It seems apparent that Latasha Winkfield is never going to accept her daughter's passing until she sees these gruesome changes with her own eyes. I find my thoughts travel to the psychological fitness of the mother. I realize that not all people grieve in the same ways but we do have psychiatric professionals capable of determining if grief has transmuted into something else, something mentally unhealthy. Is she capable of making rational decisions on behalf of Jahi's body? I am concerned that some of her statements indicate an amalgam of delusion and Kübler-Ross model bargaining. I note undercurrents of guilt and masochism, and narcissism. Latasha Winkfield is unable to face the reality of her daughter's death and what should be determined, by professionals, is whether or not she cannot or will not process; the distinction is important, especially with regards to the remaining minor in her household and what kind of exposure to this situation she [Jahi's sister] is facing.

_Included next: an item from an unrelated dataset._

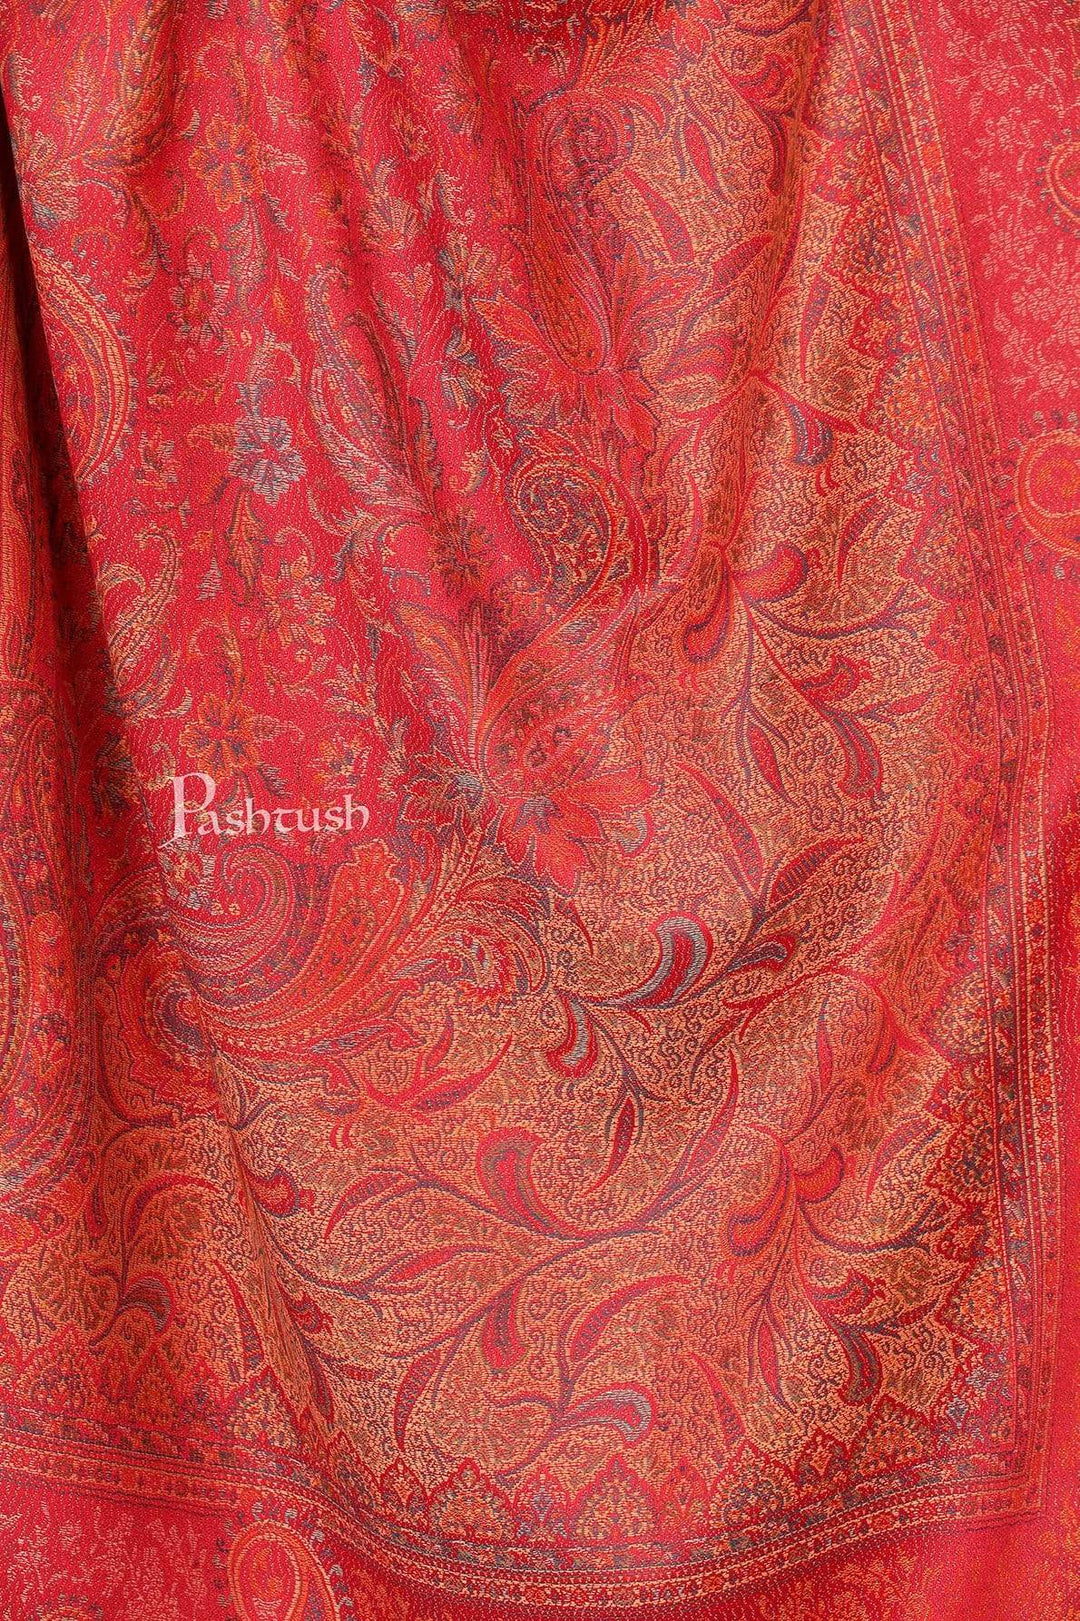 Pashtush India Shawl Pashtush Women's Kashmiri Shawl, Faux Pashmina Design, Fuchsia
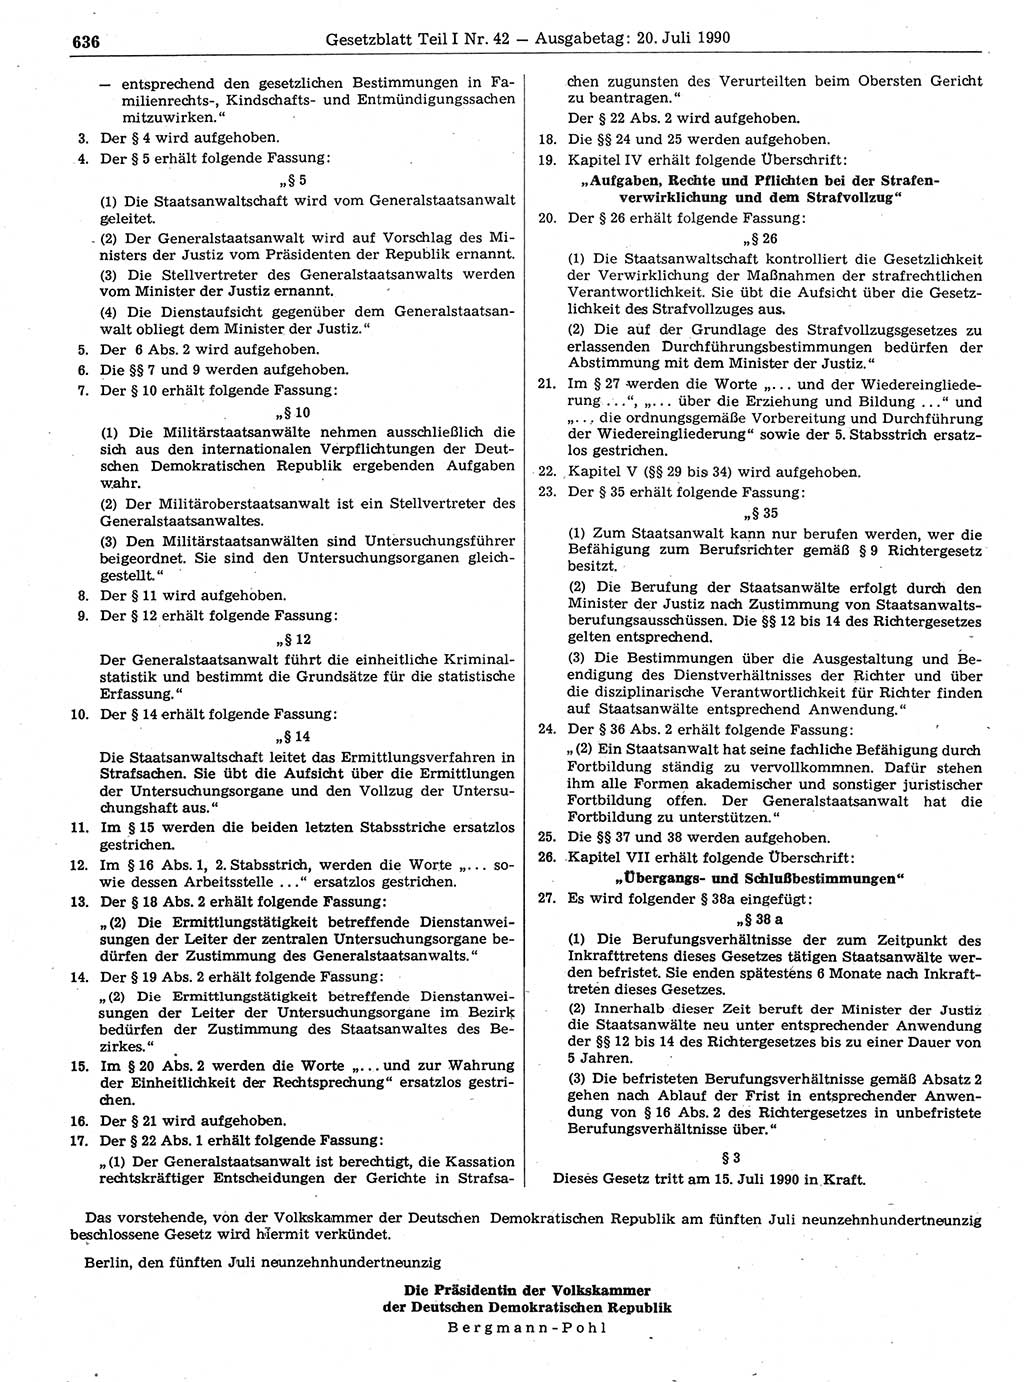 Gesetzblatt (GBl.) der Deutschen Demokratischen Republik (DDR) Teil Ⅰ 1990, Seite 636 (GBl. DDR Ⅰ 1990, S. 636)

http://docbastard.blogspot.com/2013/12/ ... ation.html

Quote:
...The more I read about Jahi McMath, the more upset I become. Not so much about how the family is handling the situation, though I believe they are handling it exceedingly poorly. Not so much how their lawyer Christopher Dolan (aka Scummy McDouchebag) is making himself sound like a clueless jackass and attention-whore, though he obviously is ("It is our position that no doctor determination can end a life without parental consent", he stupidly said). No, what bothers me the most is that in spite of the fact that six different doctors confirmed that little Jahi has died, the family wanted a 7th opinion. And the seventh opinion they wanted was from Paul A. Byrne, MD.

If you haven't heard of Dr. Byrne, you're about to be educated on just how blinded by faith a supposed man of science can become...


This is the "doctor" I was talking about earlier in the thread. He is despicable. There are a couple of threads about the Jahi McMath case written by DocBastard that are very informative. He is no nonsense. I am bookmarking his page as this plays out.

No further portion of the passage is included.